Limitations of this study

This study has several limitations. For instance, we used dental calculus samples from different individuals, so we exclude the possibility that the microbial profile differences among the groups are due to biological processes rather than the decontamination protocols. Ideally, it would make the most sense to apply each treatment to an individual dental calculus sample and compare the observed differences. This approach was not possible due to the size of the calculus fragments. Alternatively, one could apply each treatment to different teeth from a single individual. However, such effort is also limited, as the composition of oral microbiota varies according to tooth type (e.g., canine vs molar) and tooth surface (e.g., buccal vs lingual)2,91. Another limitation is that these samples had minimal handling during the time of excavation and were all buried in the same geographic area, which is not necessarily the case for other archaeological assemblages. Samples that have been handled with less precautions may provide different insights into the efficacy of decontamination protocols. Future testing should also examine the efficacy of the most appropriate decontamination protocols according to specific burial environments. For instance, different types of a soils or soils with different chemical compositions may make the UV + NaClO treatment less effective than the EDTA treatment and vice versa. A way to potentially address some of these concerns is to set up an in vitro modeling study design involving a controlled setting with soil and skin contamination. While this approach would not address taphonomic concerns, it could overcome the limitations imposed by the amount of calculus per sample.
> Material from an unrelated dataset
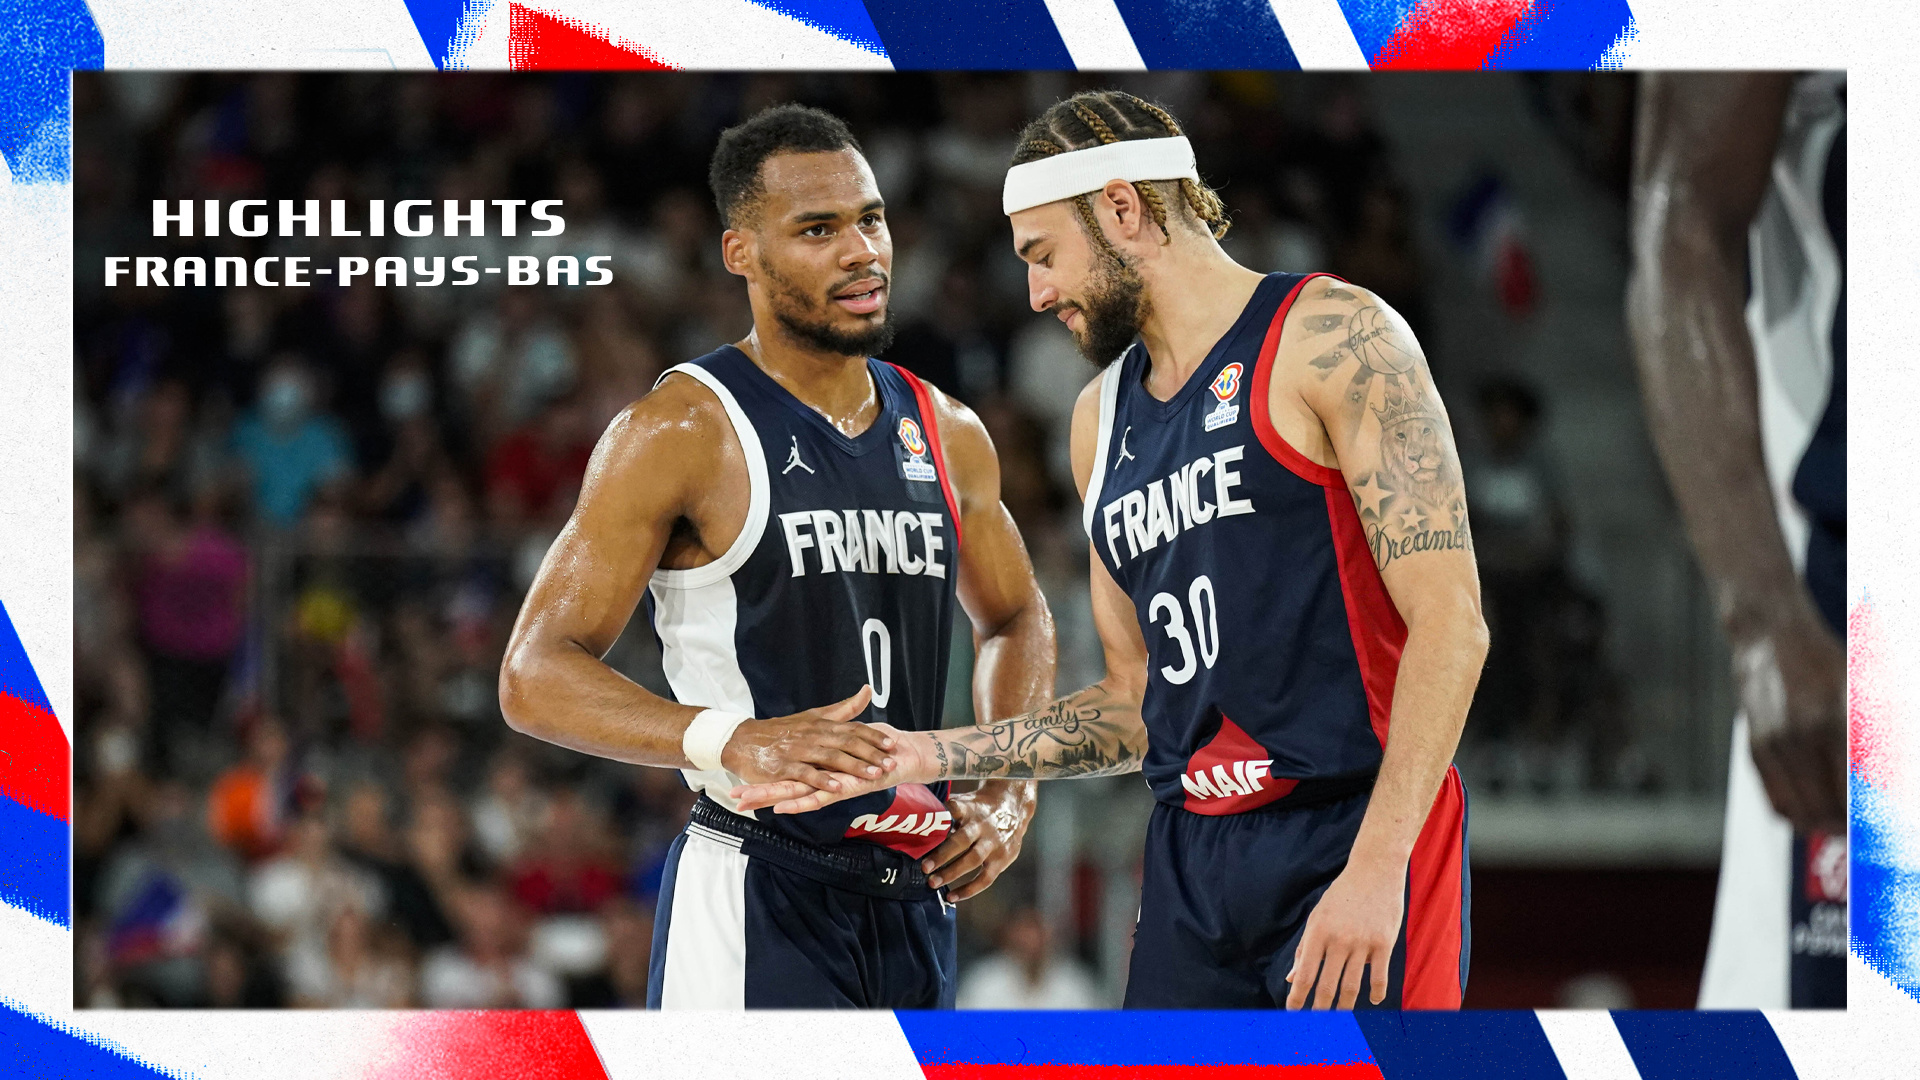 France vs Pays-Bas 07.08.22 I Préparation EuroBasket 2022 I Full Highlights

In summary, these findings add to the growing body of evidence that decontamination protocols impact downstream analyses, and therefore, the field should devote more resources into finding the most robust approach.

Conclusion

Contaminant DNA is a major concern for paleomicrobiological studies. The lack of a universal decontamination protocol for the field makes it difficult to compare study findings across groups, especially when merging microbial relative abundances from multiple analyses. Our results suggest that the UV + NaClO and EDTA treatments are the most effective since they increase the sequencing depth of oral taxa while also remove up to 9.1% of environmental contaminants within a sample. Such findings also indicate that the two likely improve downstream analyses, such as dimension reduction, visualization, clustering, and differential abundance analysis. Moving forward, we recommend that scholars wear gloves and face coverings when sampling for calculus either in the field or a museum, collect at least one soil sample from the field that will be sequenced, process samples in labs committed to only performing aDNA research, decontaminate samples with either the UV + NaClO or EDTA method, sequence at least one DNA extraction control along with the collected soil sample, and publish sequencing data for both the soil and laboratory controls. Because the paleomicobiological field is unable to resample from irreplaceable biomaterials, it should strive towards standardizing protocols from collecting samples through sequencing. Such measures will improve the overall quality of ancient sequencing data. Basic laboratory practices of decontaminating ancient samples is a key element of acquiring high quality data.